I agree, low-code tools are excellent to get these types of problems solves (CRUD apps for internal maybe?)

What I have in mind is: - a forecasting tool (bit more insight into what is being done in the business, not just plain vanilla) - Optimization tools: inventory, routing, sales, risk distributions etc. - IoT integration for a small realworld tracking setup - Specific business rules that need to be implemented in a Low-code tool - Low code implementations (not everyone has the time, skill-set to get going with these providers)

Thank you very much for the feedback jxf!

We just bought a tool at work from a startup for $400/month that helps designers store components and helps developers catalog React code for said components.

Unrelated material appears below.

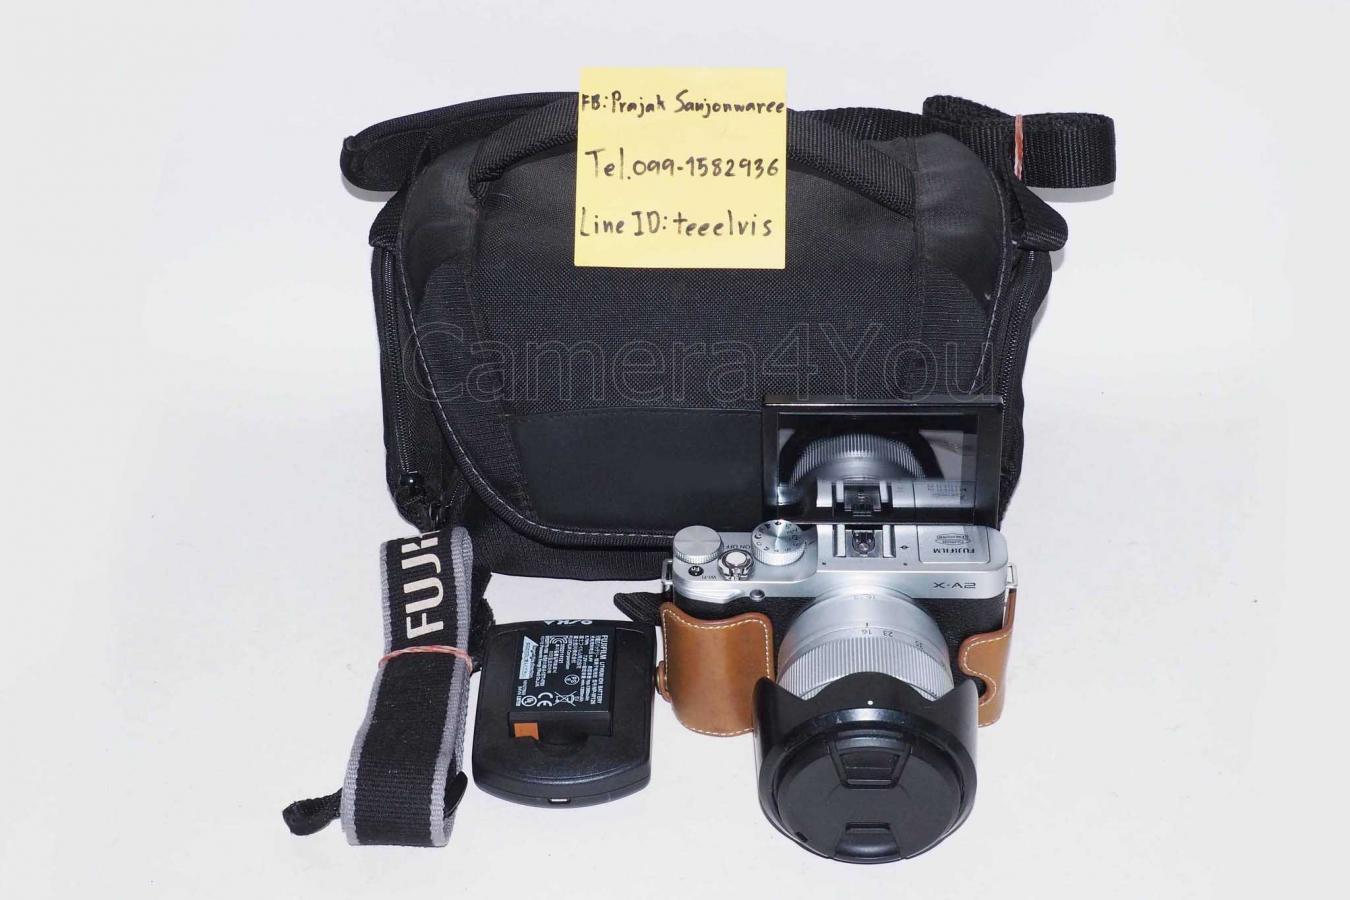 ขายกล้อง Fuji XA-2 พร้อมเลนส์ 16-50mm f3.5-5.6 OIS II  สภาพใหม่ ใช้งานปกติ แถมเคสและกระเป๋ากล้องให้ ไม่มีกล่อง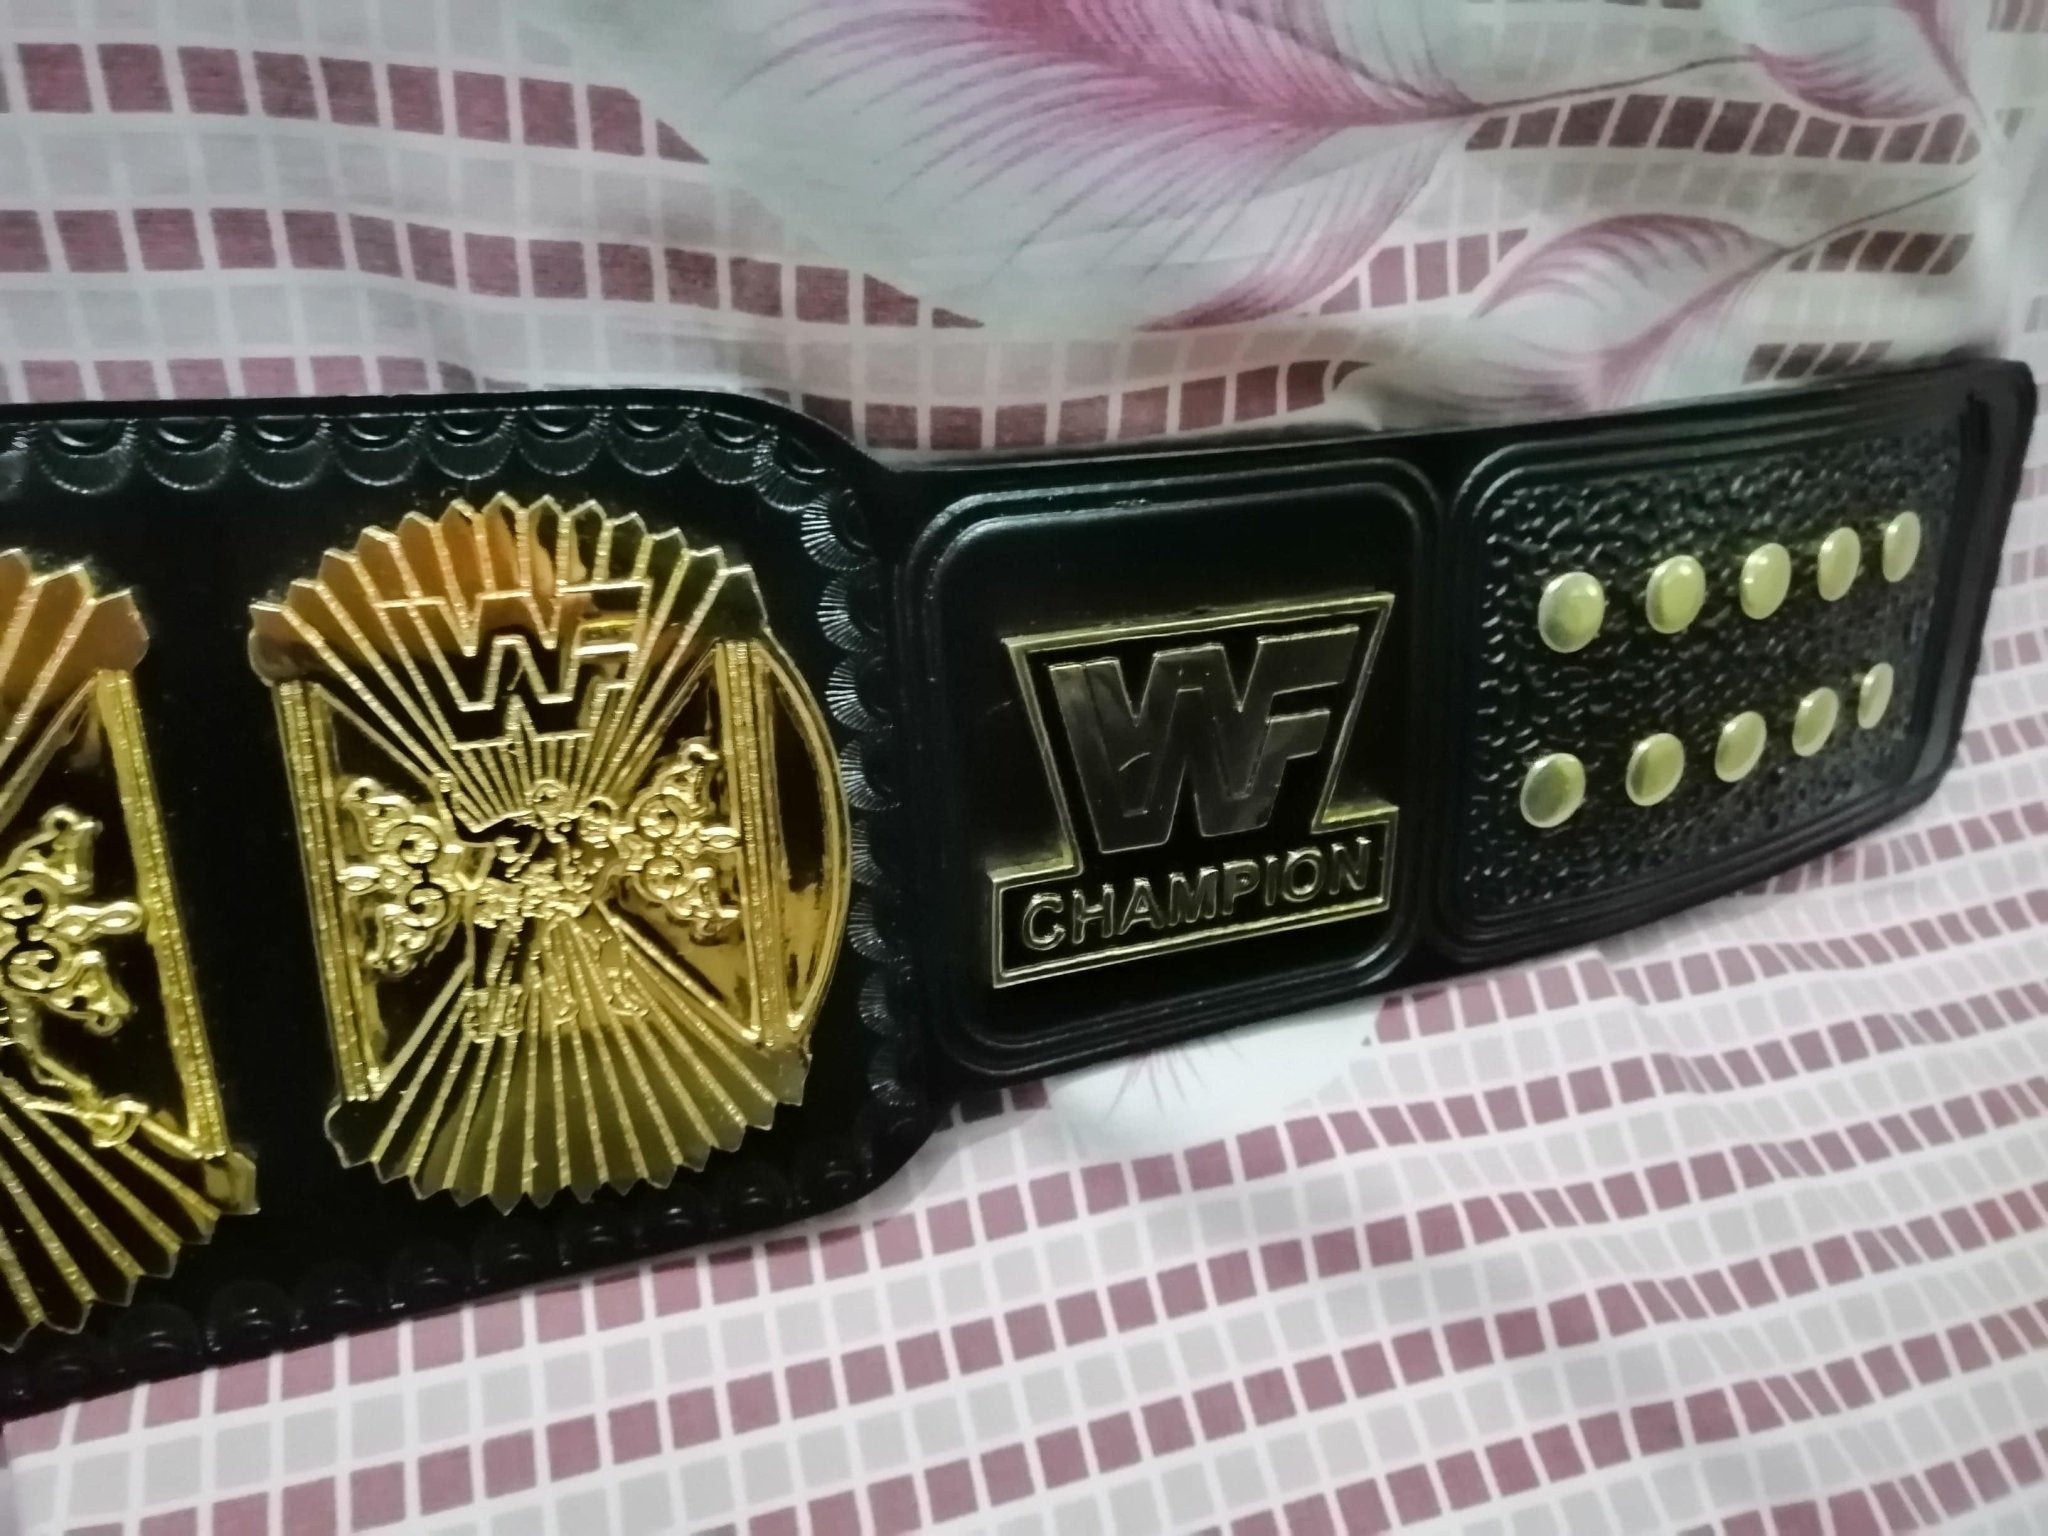 WWF WINGED EAGLE 24K GOLD Championship Title Belt - Zees Belts

Edit: Another idea is some sort of Slack app that costs $1/month/person. Then try to sell it to companies that have a couple hundred employees. The $1/person/month means the value you're providing need only be incremental rather than life changing.

>> app that costs $1/month/person. Then try to sell it to companies that have a couple hundred employees

I would not recommend doing this. Any company with several hundred employees is into contract & procurement management territory, and likely to have a staff lawyer, privacy & protection person and person/team dedicated to (slowly) evaluating purchase & adoption of Saas products. This, plus all the people involved in any sort of roll-out across the entire company (of anything) will destroy the economics of a few hundred per month deal. You probably need a VP to approve this not because of the cost but the impact, and as a manager an incremental value deal that I see every month will be the first thing I cut, not because it's expensive but because it's an easy one.

Every low-cost per <whatever> deal I've seen in an enterprise of this size has a sizeable upfront cost and then a a tiered or unlimited per seat component that's correlated but not necessarily directly tied to a variable component. This reflects the sales process that involves more effort upfront. For a pure, low-cost per user/month model you need a completely self-serve adoption path.

Agreed, the $1/seat/month is a tough business to be in. For engineers alone this might be a difficult business to build.